We might someday, in a thoughtless moment of sanctimonious folly, allow someone or something to take from us the most precious gift we possess: the markets of America and the unyielding force on behalf of human rights that these markets represent. The financial markets are color blind. They know no distinction between races, they know nothing about ethnic origin, and they are indifferent to gender. What matters are price and quality.

In the financial markets, the trophy goes not to the Catholic or to the Jew, not to the White or Black not to the male or female, but to the one who understands the economic principles of supply and demand. Personal pedigree, family origin, physical infirmities, and gender are meaningless when measured against one's ability to determine the customer's needs and how to market your product. Little else matters. The market rewards you when you are right and punishes you when you are wrong no matter who your father was, no matter what he did for a living, and no matter where he came from.

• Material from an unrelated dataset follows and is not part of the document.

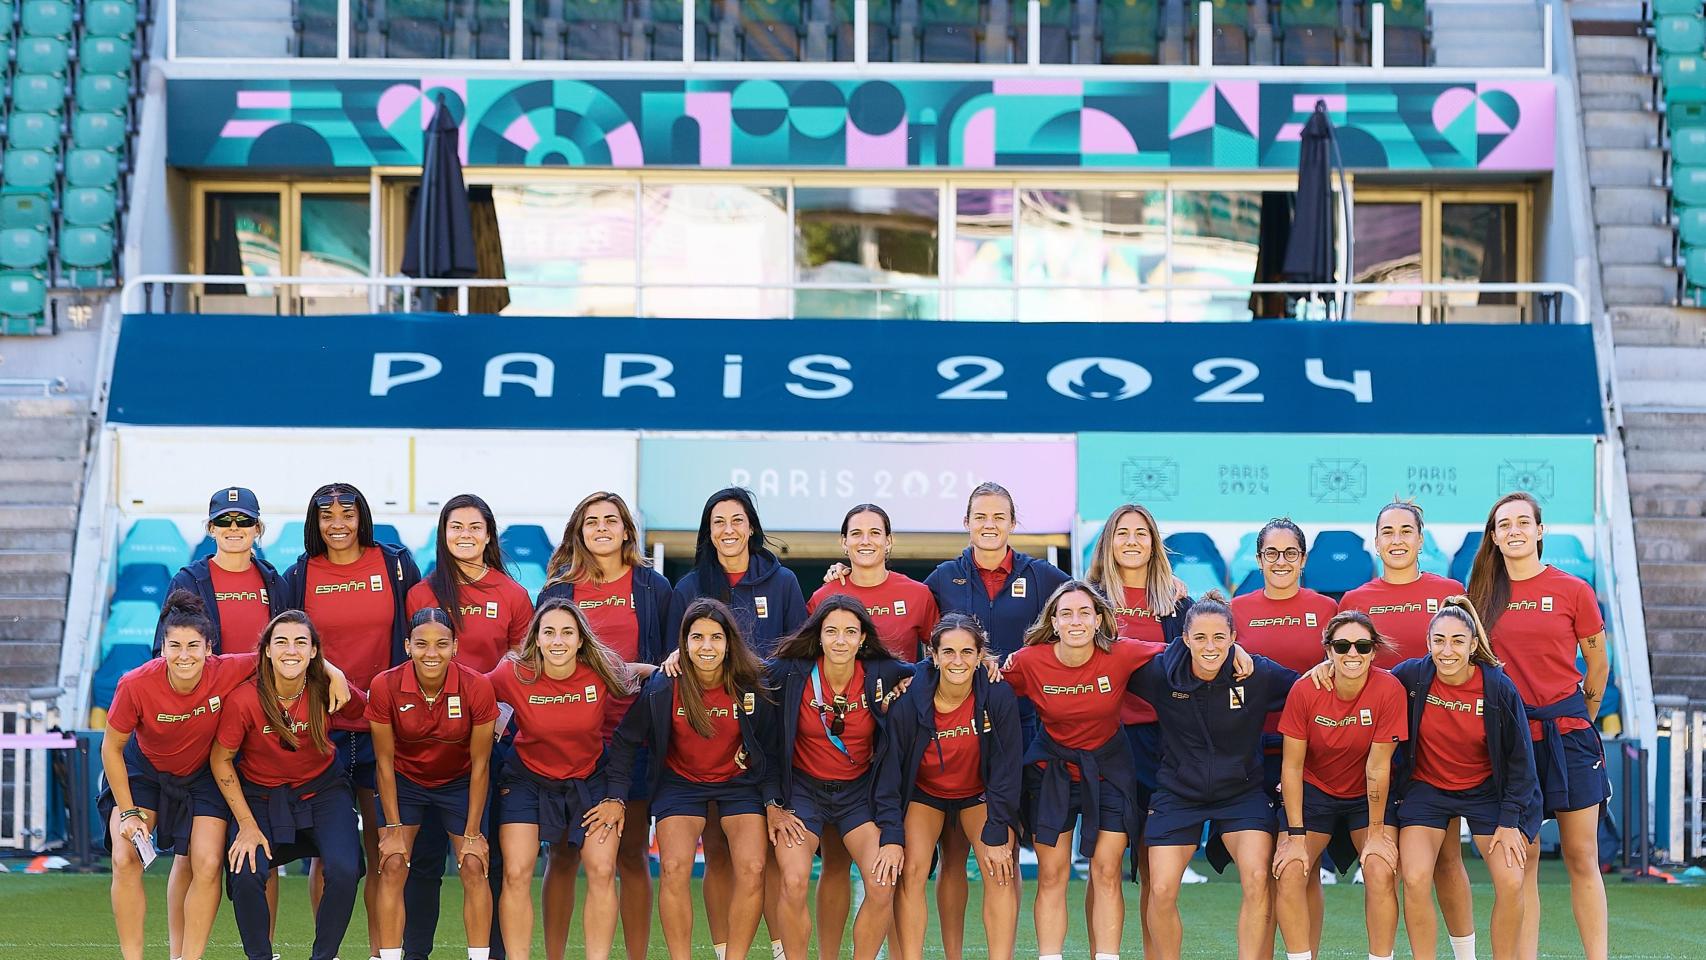 La selección olímpica femenina, al completo, preparada para París 2024

No other private sector establishment, entity, or apparatus is freer of human prejudice and less concerned with race or religion than the American free market structures. It established that an economic system could succeed only in an environment that permits individuals to freely pursue their own objectives for purely personal gain.

As a consequence of such pursuits, the individual, when taken in mass, will be led by an invisible hand to promote an overall social good. That is why I hold that Enron management was acting in a way that should not be condemned by any means, and should not be a subject to any sort of accusations. They were using the tools of the free market, therefore the legality of their, and which is more important, the morality of their actions is unquestionable to me. Thoreau: As I see it, the problems the scandal reveals are systemic. The individuals involved may have been uniquely greedy and unethical, but they were empowered by a system that exalted greed as it diminished ethics and accountability.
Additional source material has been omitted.